The following signs of addiction to Percocet can serve as red flags that help is needed:5,6

  • Finding it harder to get high without taking more Percocet than before – a sign tolerance has formed.
  • Taking more Percocet to keep away withdrawal symptoms.
  • Becoming preoccupied with making sure one can use again soon and has a supply on hand
  • Missing out on connecting with friends and family or missing important events.
  • Trying to cut back or quit taking Percocet, but being unable to follow through
  • Continuing to use Percocet despite the negative consequences that impact work, school, family and social life.

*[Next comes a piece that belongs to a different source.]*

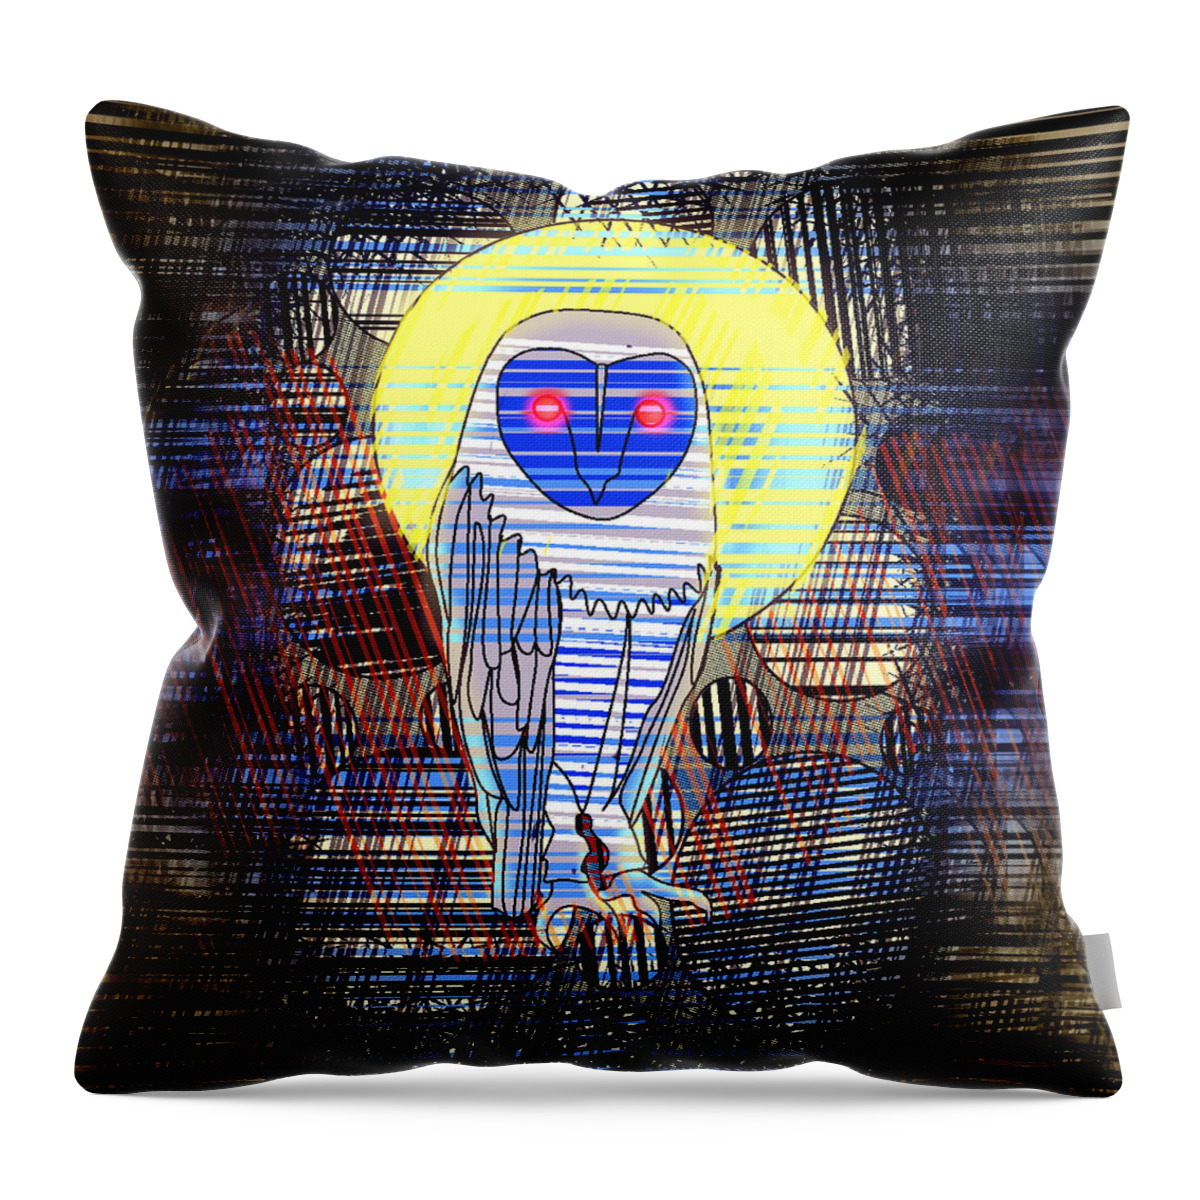 Buho Throw Pillow featuring the digital art Doodle Buho by Rene Lopez
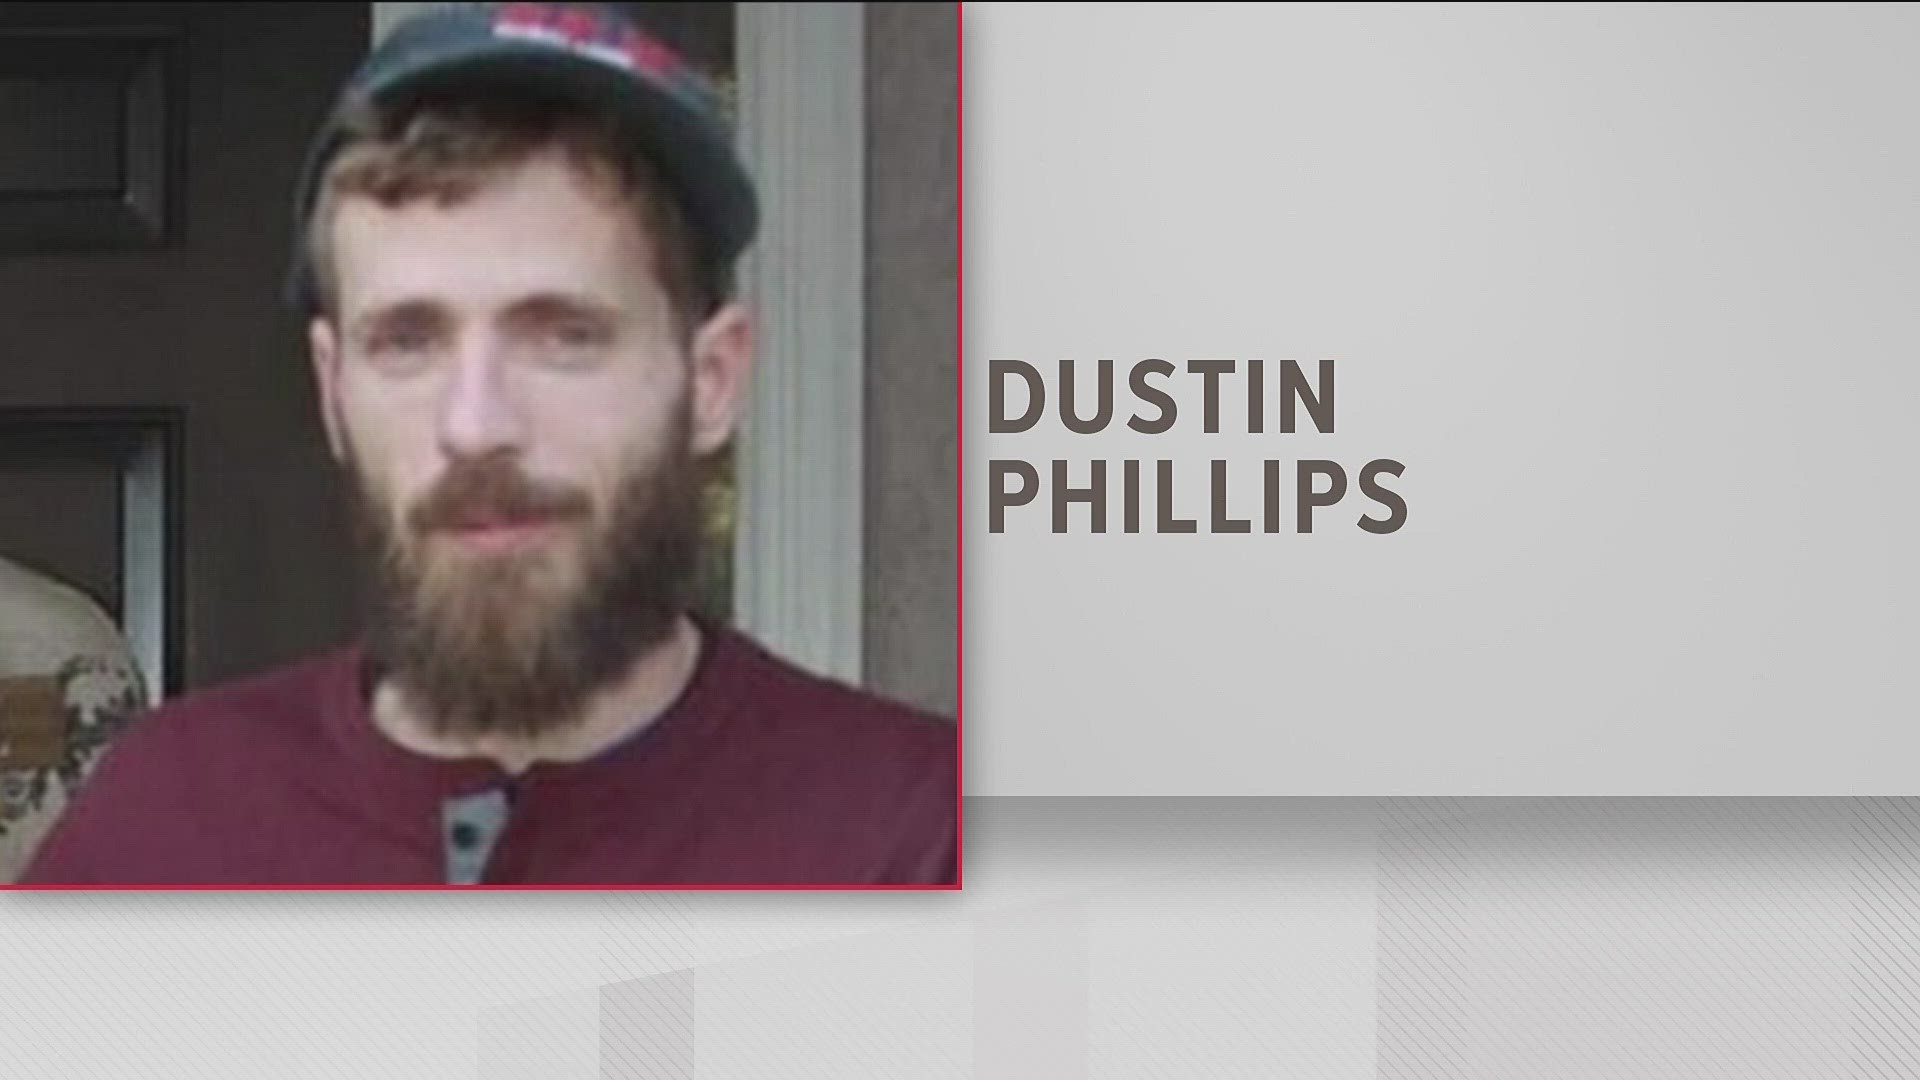 The suspect was identified as Dustin Allen Phillips. Authorities are looking for the "armed and dangerous" murder suspect in the area of Highway 154 and Allison Lane

Addiction to Percocet—or any drug of abuse, for that matter—is marked by compulsive and uncontrollable use.7 Someone who has developed an addiction may start to neglect their responsibilities at home or work in order to use the drug.5 They may also start behaving in reckless and dangerous ways, such as using other substances or driving while they are high.5,8 Legal or financial problems may also arise.5 According to the National Institute on Drug Abuse, being under the influence opioids while driving can double your risk of having a crash.8

Percocet Detox & Treatment

The first step toward recovery from Percocet addiction is to undergo detoxification, or medical detox, which is when you clear your body of all drugs through extended abstinence.9

During detox, you may experience some uncomfortable withdrawal symptoms. Withdrawal from Percocet can begin anywhere from 8-36 hours after the last dose, depending on the amount being used, the formulation, and the length and manner of use.9 While not necessarily deadly, opioid withdrawal can be uncomfortable and extremely unpleasant. Withdrawal symptoms may include:9

  • Anxiety.
  • Headaches.
  • Insomnia.
  • Nausea, vomiting, and diarrhea.
  • Abdominal cramping.
  • High body temperature.
  • High blood pressure.
  • Rapid heartbeat.
  • Sweating, chills and clammy skin.
  • Muscle spasms.
  • Muscle and bone pain.

Withdrawal from Percocet doesn’t have to be the painful experience that is often feared. Today, the standard treatment program for an opioid addiction is a medication management protocol that involves a regulated dose of a medical grade opioid to mitigate the symptoms of withdrawal.10

In fact, medication-assisted treatment (MAT) can allow individuals to go through medical detox with far less discomfort than without MAT, while at the same time preparing a person for longer-term, sustained recovery, via behavioral therapy and participation in mutual-help groups.10

If left untreated, Percocet addiction, like all opioid addictions, can bring about serious consequences in a person’s health, career, legal, financial, and familial and personal relationship realms. Thankfully, comprehensive addiction treatment can help those struggling with Percocet addiction to leave behind the drug for good. Through medical detox and intensive therapy, individuals can stop abusing Percocet for good and embrace healthy, fulfilling lives that aren’t regulated by substance use.

References

  1. Food and Drug Administration. (2018). Drug Label: Percocet.
  2. National Institute on Drug Abuse. (2020). Prescription Opioids DrugFacts: What are prescription opioids?
  3. Kiyatkin E. A. (2019). Respiratory depression and brain hypoxia induced by opioid drugs: Morphine, oxycodone, heroin, and fentanyl. Neuropharmacology, 151, 219–226.
  4. Bari, K., & Fontana, R. J. (2014). Acetaminophen overdose: What practitioners need to know. Clinical Liver Disease, 4(1), 17–21.
  5. Diagnostic and Statistical Manual of Mental Disorders: DSM-5 (5th ed.). (2013). Washington, D.C.: American Psychiatric Association.
  6. Dydyk, A. M., Jain, N. K., & Gupta, M. (2020). Opioid Use Disorder. In StatPearls. StatPearls Publishing.
  7. American Society of Addiction Medicine. (2019). Definition of Addiction.
  8. National Institute on Drug Abuse. (2019). DrugFacts: Drugged Driving.
  9. Substance Abuse and Mental Health Services Administration. (2015). TIP 45: Detoxification and Substance Abuse Treatment.
  10. Substance Abuse and Mental Health Treatment Services Administration. (2020). TIP 63: Medications for Opioid Use Disorder.